As you can imagine, facing this, Leah was a bit nervous. But determined. So determined.

As we waited for the tubes to be unplugged and for the test to begin, this song came on and I got to witness what was one of the most beautiful moments I have had the pleasure to see firsthand.

I have a special handful that I keep close to my heart and I bring these mental snapshots out from time to time and reminisce and rejoice over them. This one joins them.

Let me see if I can paint the picture for you...

As we both sat there waiting, I reached over and somehow stumbled upon this song ...and by "stumbled," I mean God found it for us. (I encourage you to play it and listen as you continue to read and then you'll have the full picture of this moment....)





...this beautiful moment where my friend lay in a hospital bed with myriad tubes and monitors connected to her precious body.

This moment of bravery as she prepared to do battle with her lungs.

This moment where more than anything she just want to be done already and home with her boys.

This is the moment my beautiful friend with a beautiful voice -- a voice that has been temporarily silenced, looked at me and made a heart with her two hands (she loves this song!) and then lifted her hand toward heaven and used it to pass back and forth across her body in worship.

This was a moment where the ugly beautiful of this life pierced my heart. Because if anyone has a reason to rage and complain, it's her. Instead, she chose to lift her hand and "sing,"

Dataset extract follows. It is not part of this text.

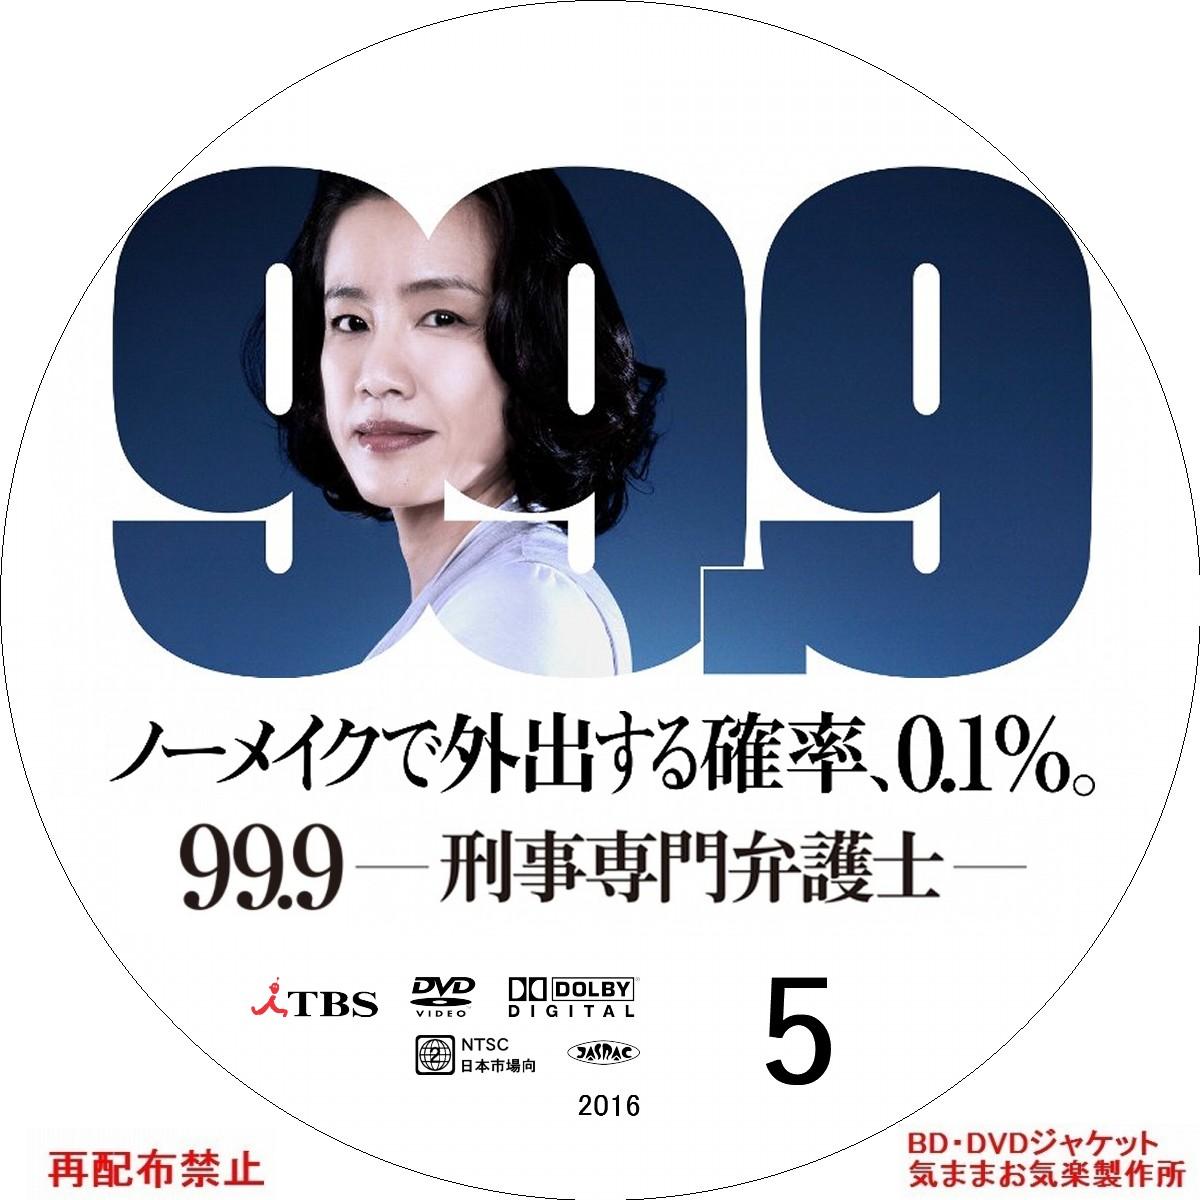 999_DVD05b.jpg

"through it all, through it all, my eyes are on you,
and through it all...it is well,
through it all, through it all, my eyes are one you,
and it is well with me"

And yes, I cried those tears...those tears that just leak out of our humanly fragile eyes that are part sorrow, but mostly full of awe at the grace of God for a beautifully profound moment.

I cried for Leah. I cried me for me. I cried because no matter if it's a hospital bed or a bed of depression, an empty bank account or an empty home, the truth is....it is well.

It absolutely is.

--

Leah...you will never know how much that moment touched my soul and how much I love and admire your tenacity of faith and spirit. "This mountain that is in front of you WILL be thrown into the midst of the sea!" I know that as you continue to plant your feet and stand on Christ the Rock, He will resurrect your very breath. And I believe that one day, not too far away, you will STAND and you will SING this song with your breath and lungs. I just want to be there when you do!